* [Work instruction] No pictures, please. Copy exactly the lines from the one with "Winnie The Pooh, Piglet" through the final line below.

* [Input data]
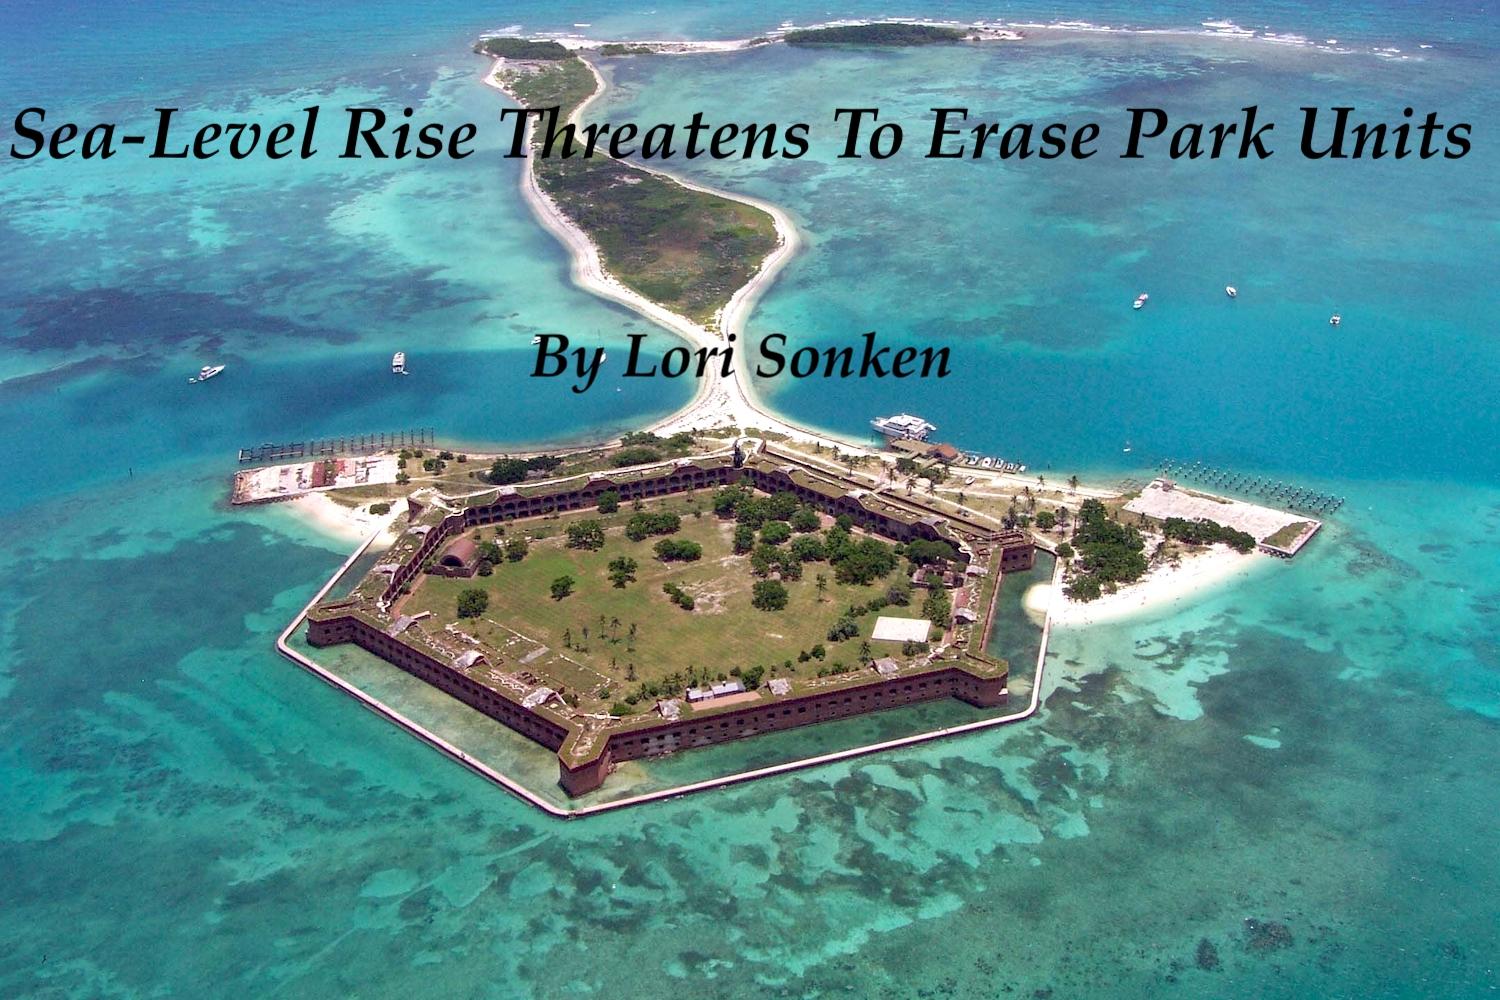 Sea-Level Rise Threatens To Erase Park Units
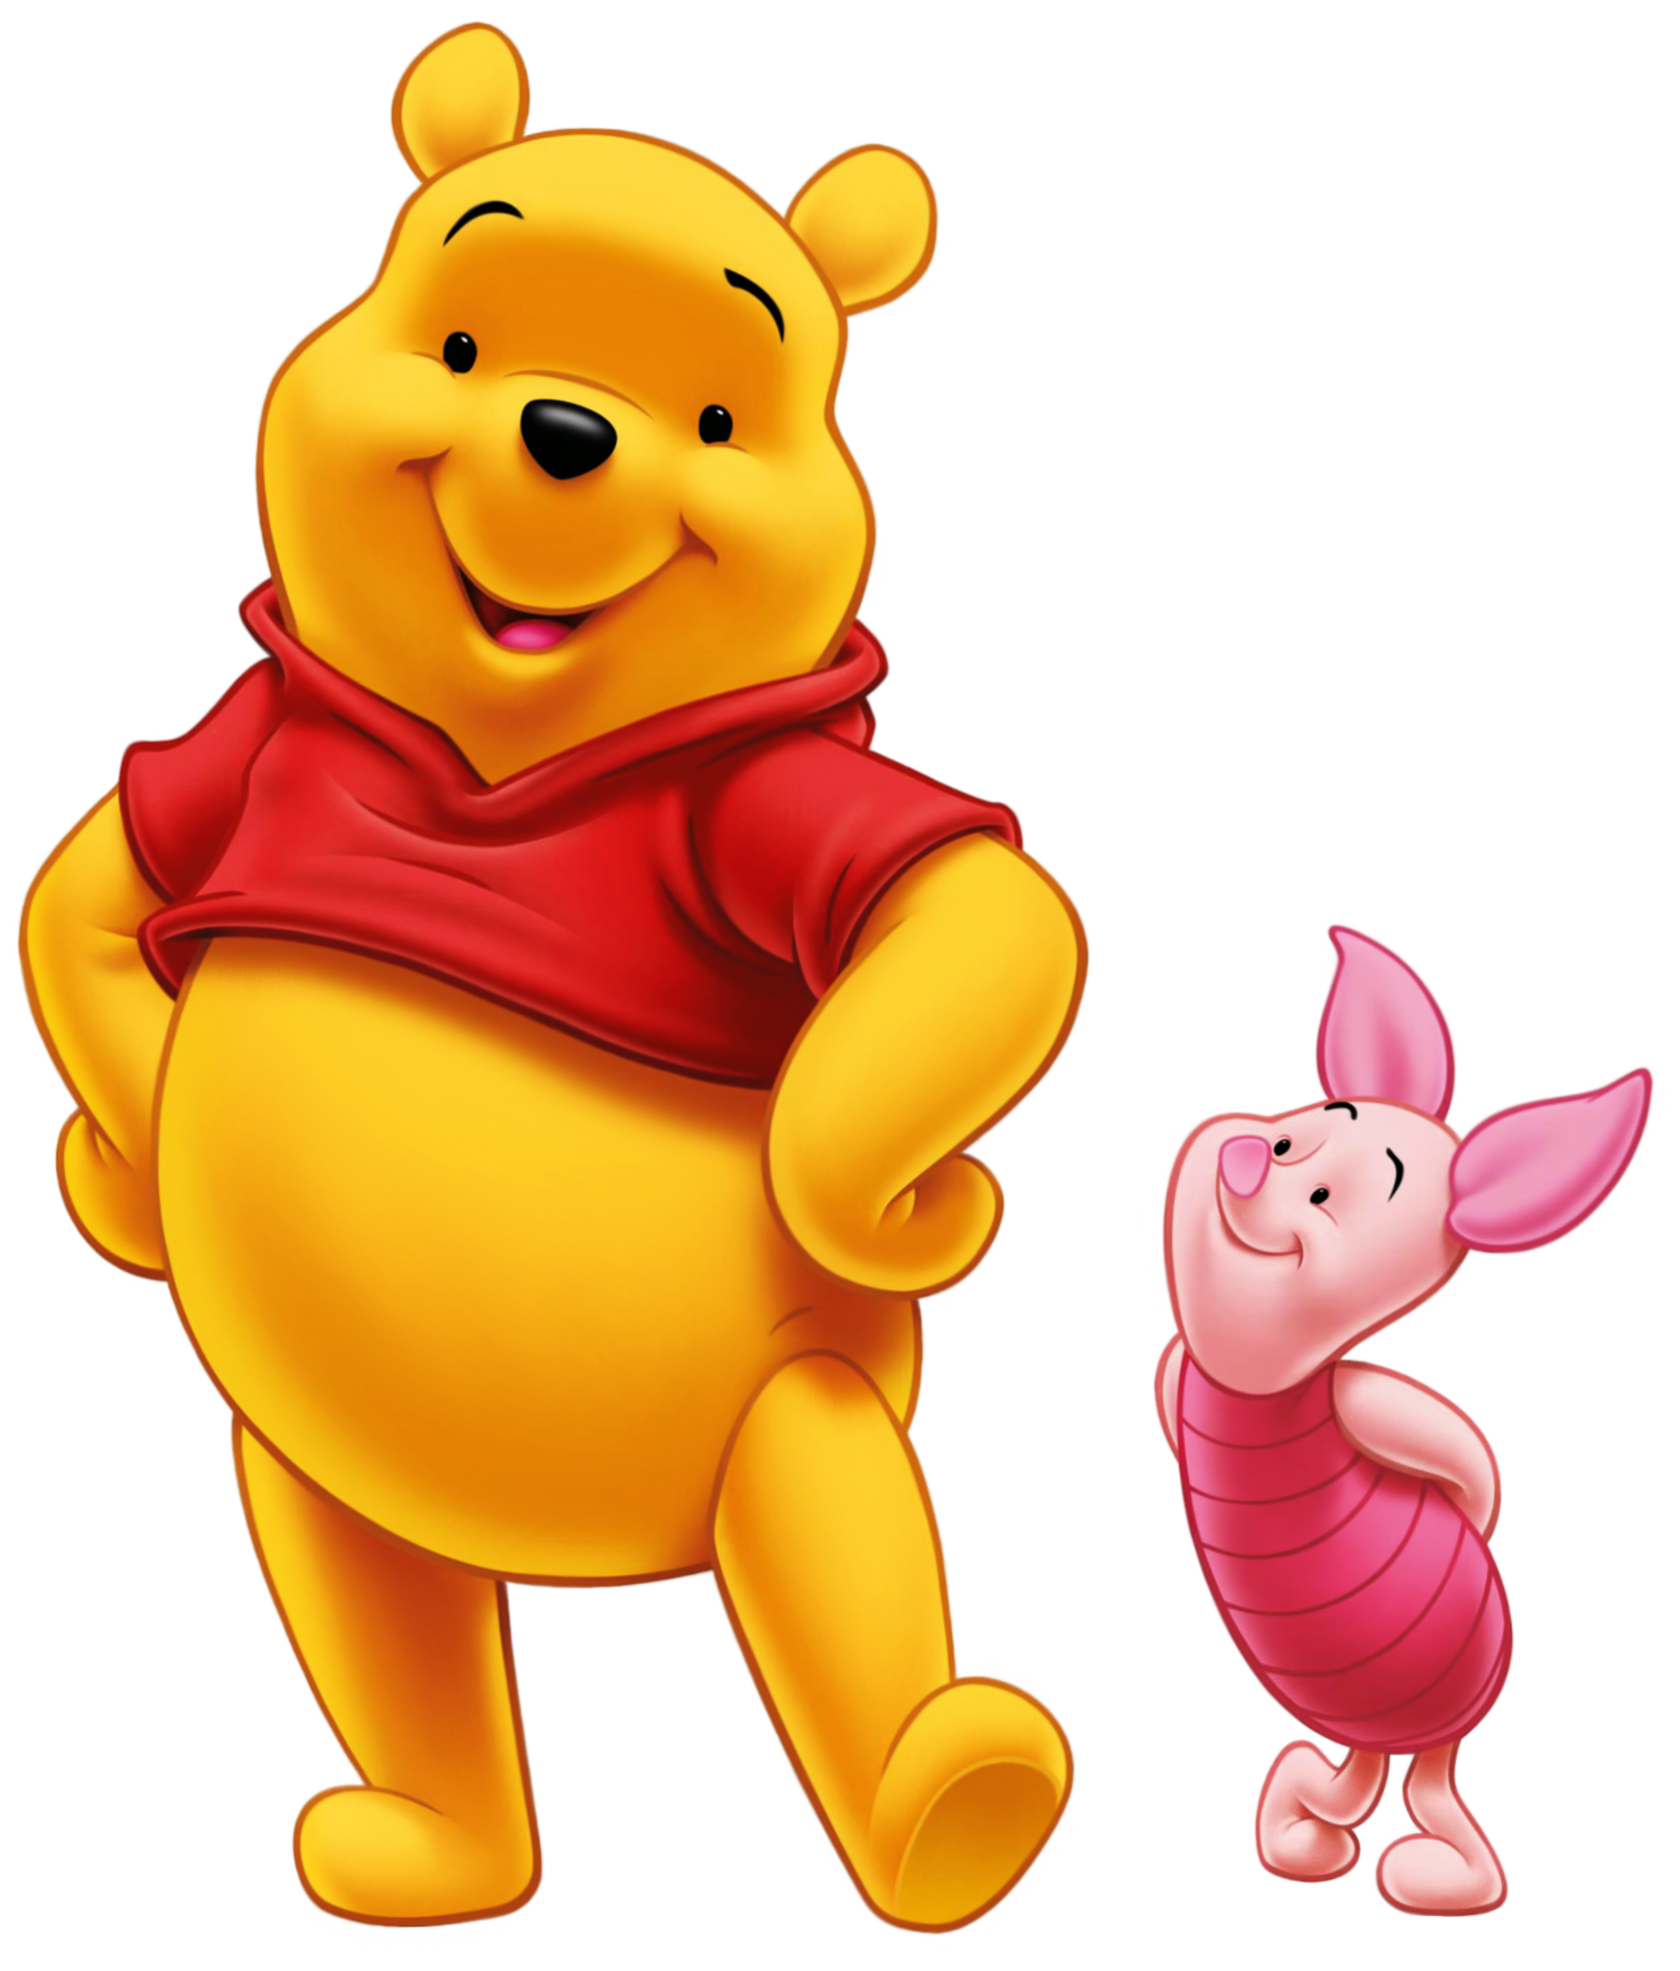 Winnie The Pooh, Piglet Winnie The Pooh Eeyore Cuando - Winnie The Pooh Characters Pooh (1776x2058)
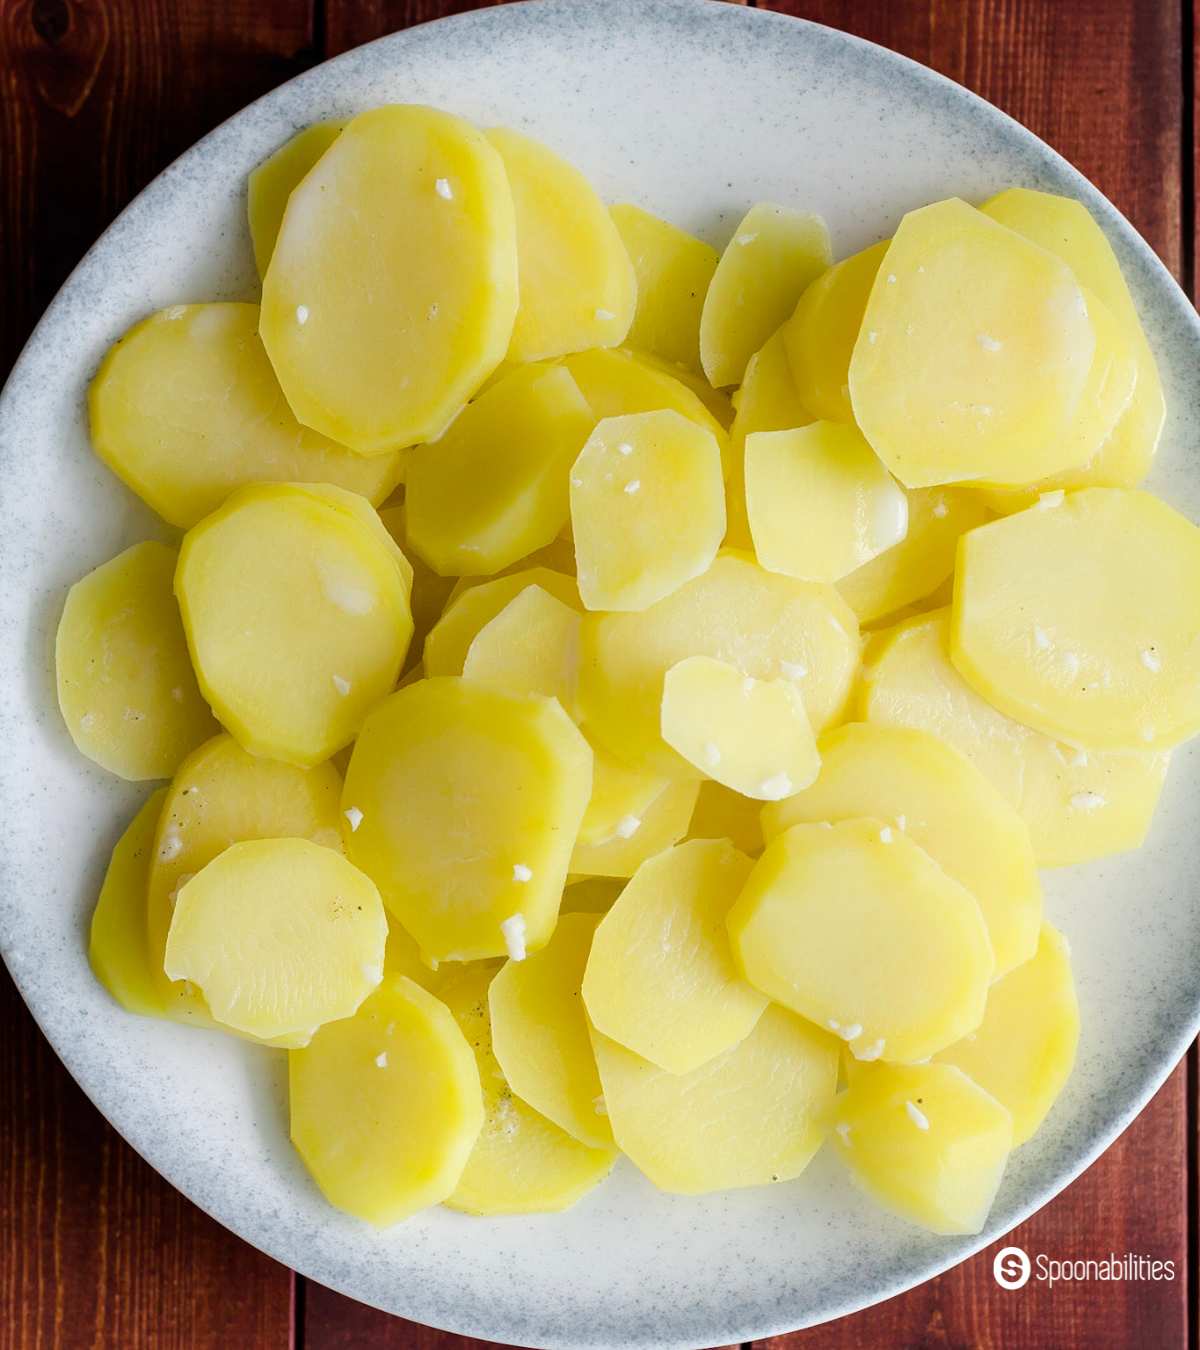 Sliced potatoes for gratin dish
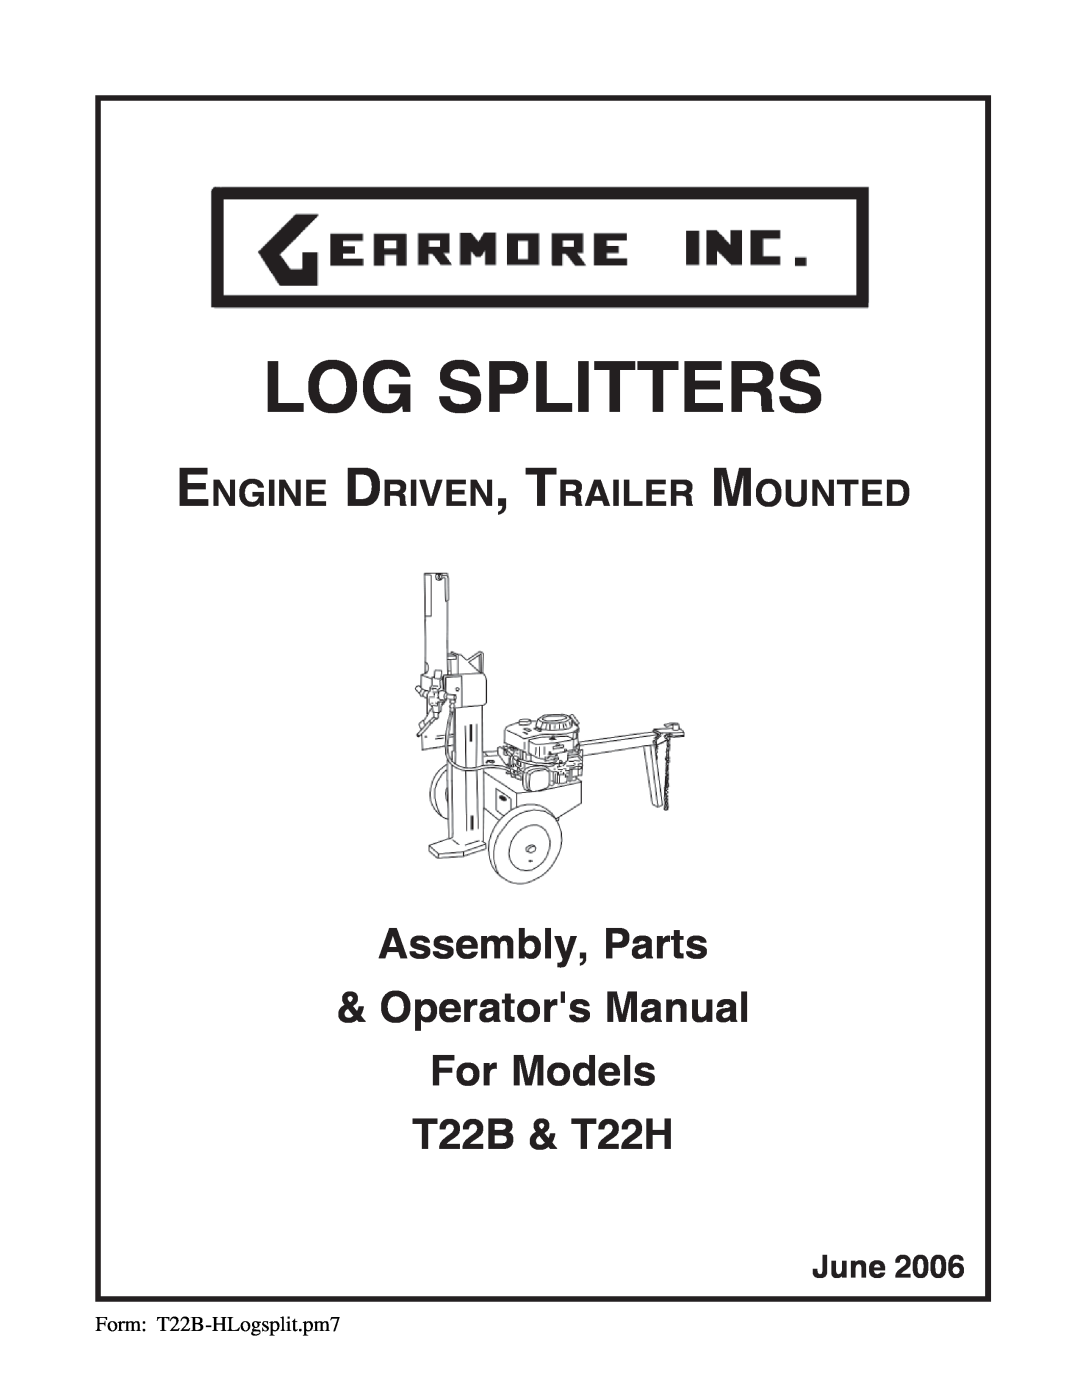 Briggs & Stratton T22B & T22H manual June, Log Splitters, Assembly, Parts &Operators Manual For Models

* [Written response]
 Winnie The Pooh, Piglet Winnie The Pooh Eeyore Cuando - Winnie The Pooh Characters Pooh (1776x2058)
 Sliced potatoes for gratin dish
 Briggs & Stratton T22B & T22H manual June, Log Splitters, Assembly, Parts &Operators Manual For Models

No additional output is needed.